Due to a struggling economy in 2009, the Department of Human Services (DHS) released some bad news regarding Medicaid rule changes:
Since January 1, 2009, real estate will no longer be considered to have a $o.00 value after it has been listed for sale for 30 days. Now, according to the DHS, real property must be listed for sale at least 3 months prior to the filing of a Medicaid application. This will have a very negative impact on nursing home residents who have real estate that is a countable asset under the Medicaid rules.
The rule provides that for an asset to have a $0.00 value, it must be shown by:
“[f]or homes, life leases, land contracts, mortgages and any other real property, an actual sale attempt at or below fair market value in the owner’s geographic area results in no reasonable offer to purchase. The asset becomes salable when a reasonable offer is received. For applicants, an active attempt to sell must have started at least three months prior to application and must continue until the property is sold.”
Here is how this rule works.

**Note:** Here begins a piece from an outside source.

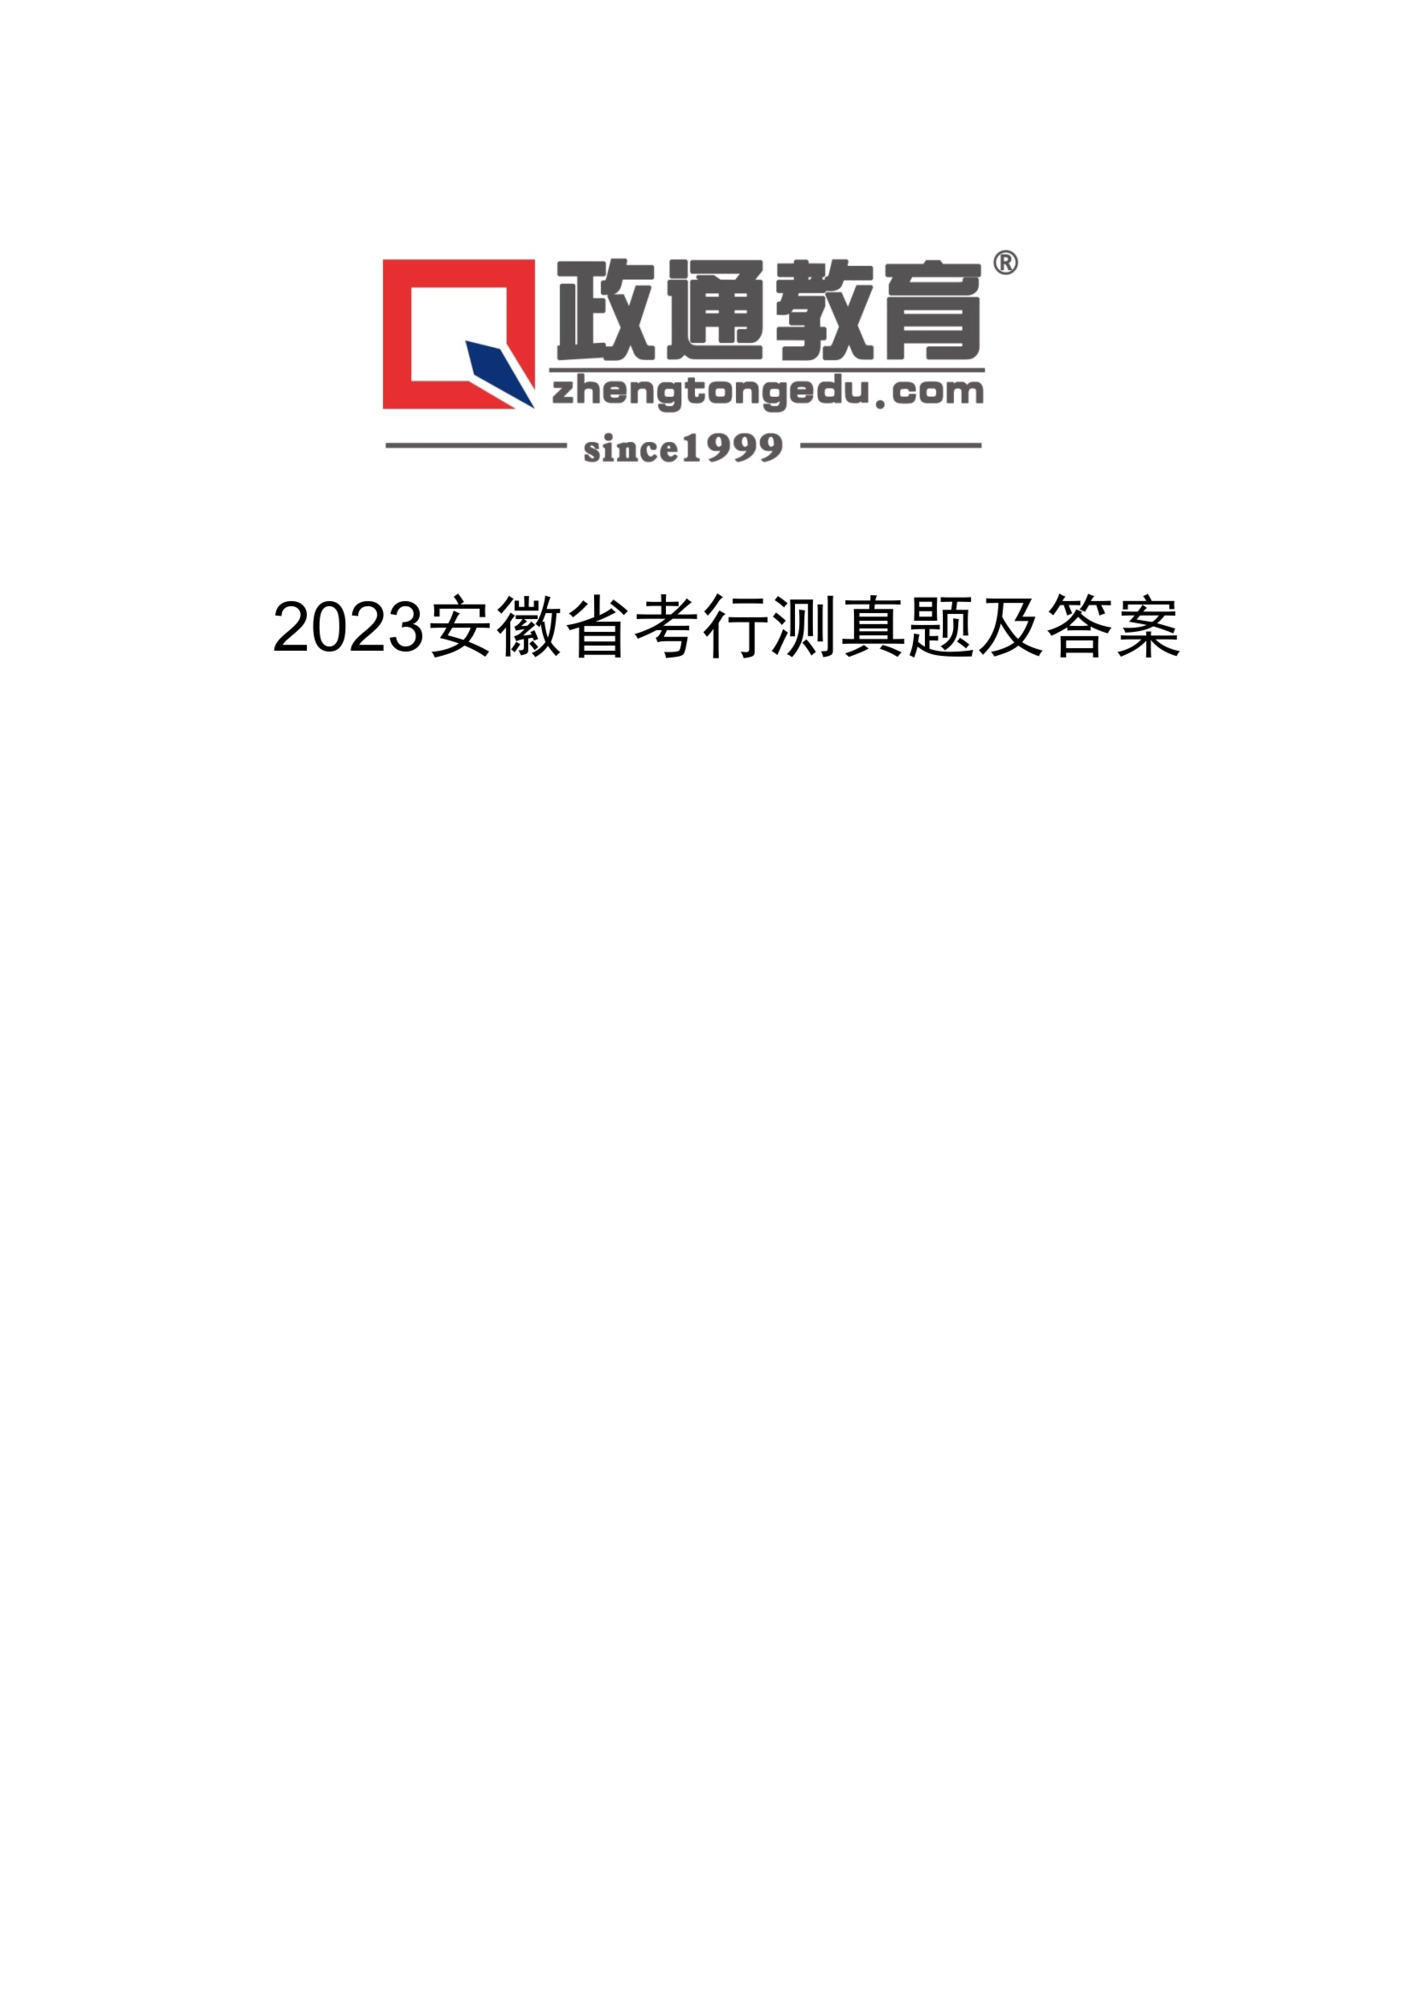 2023安徽省考行测真题及答案 (1).png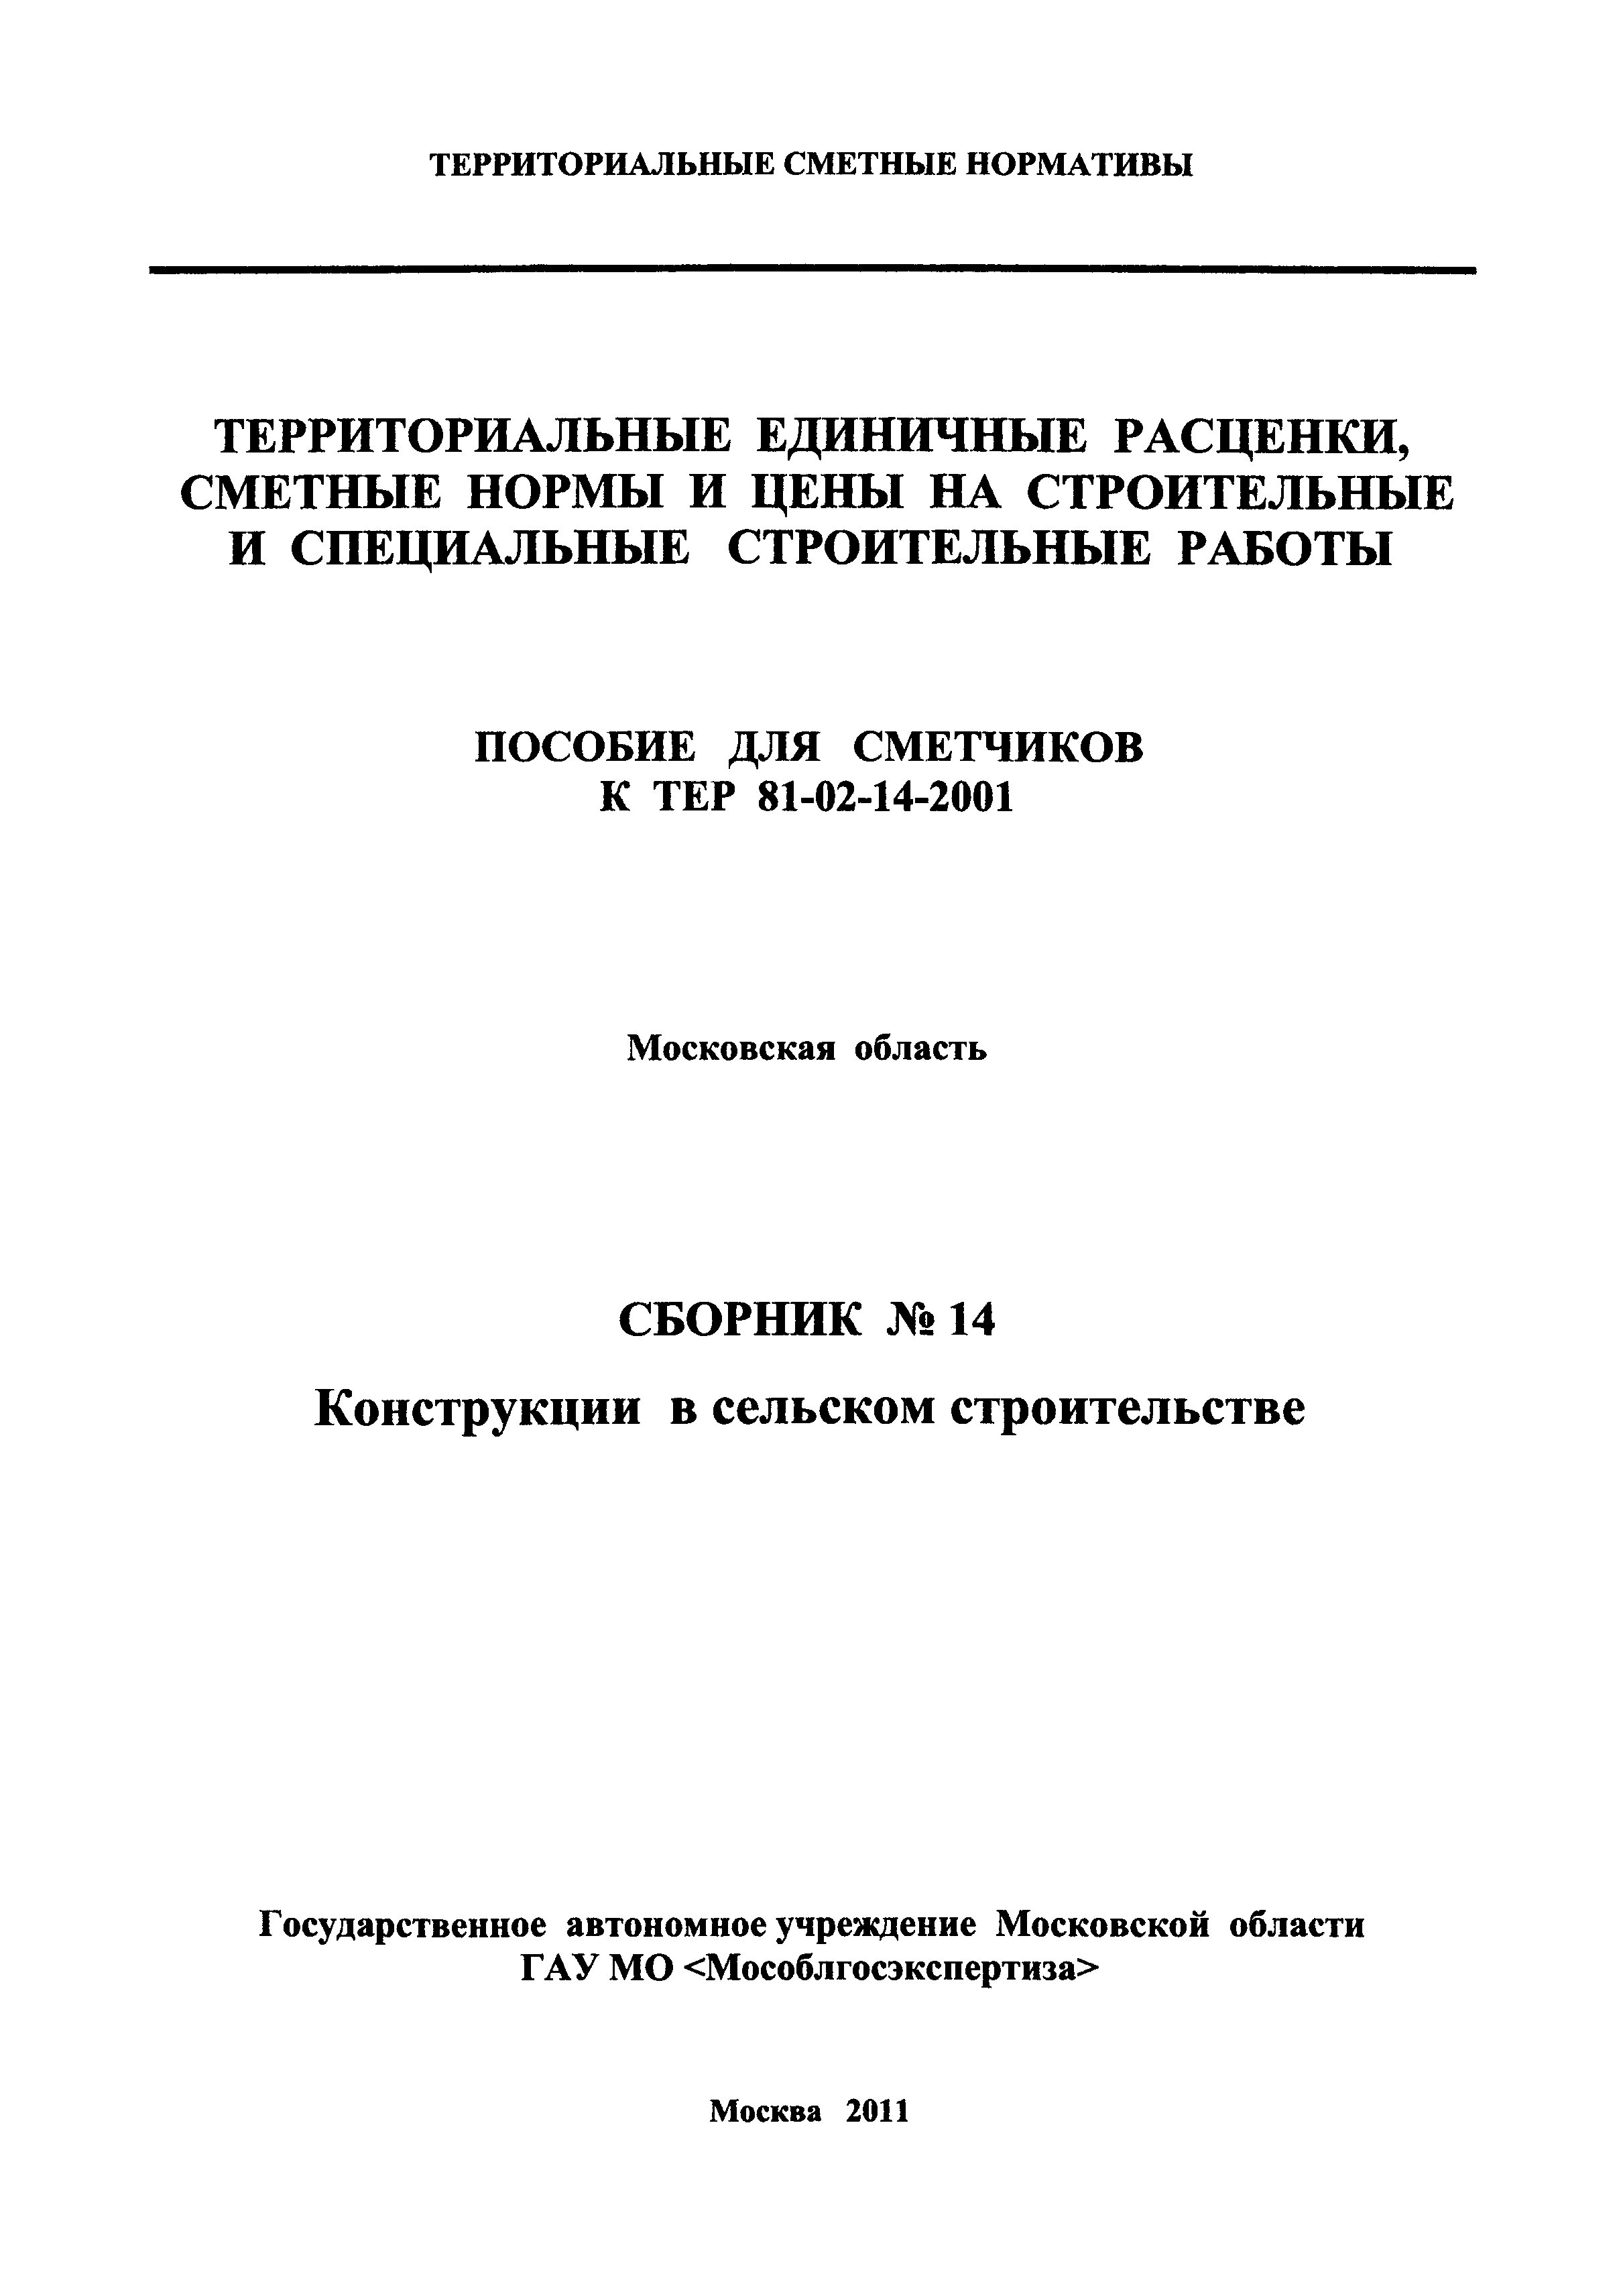 ГЭСНПиТЕР 2001-14 Московской области

Suppose that a widower named Fred Smith suffers a stroke and after being hospitalized for 1 week, is admitted to a nursing home for rehabilitation. Due to his age (87 years old) and the severity of the stroke, Mr.Smith is unable to return home. Mr.Smith has a modest estate consisting of his home, a small hunting cabin worth approximately $35,000, 1 car, and $10,000 in checking and savings accounts. Under the Medicaid rules, Mr.Smith’s home and care are exempt assets and his bank accounts and cabin must be spent down to no more than $2,000. Under the old rule, Mr.Smith could spend his account down to $2000 by prepaying his funeral and list his cabin for sale. After 30 days, he would be eligible for Medicaid benefits.
Under the new rule, Mr.Smith’s hunting cabin must be listed for sale for three months prior to the filing of the Medicaid application. Since Mr.Smith has only $10,000 in cash assets, unless his cabin is sold (unlikely in this market), he will not have enough money to pay the nursing home expense of more than $6,000 per month. Without financial means to pay the nursing home, Mr.Smith may have to return to his home and depend on his children and grandchildren for his care.
It is easy to see how this rule can create a severe hardship for those who have property they cannot sell and otherwise lack the means to pay the nursing home. Unfortunately policy makers at DHS did not seem to appreciate this reality as a result, some elderly residents and their families may unfairly suffer.
To avoid being a victim of such a situation, be sure to consult with an experienced elder law attorney before placing a loved one in a nursing home.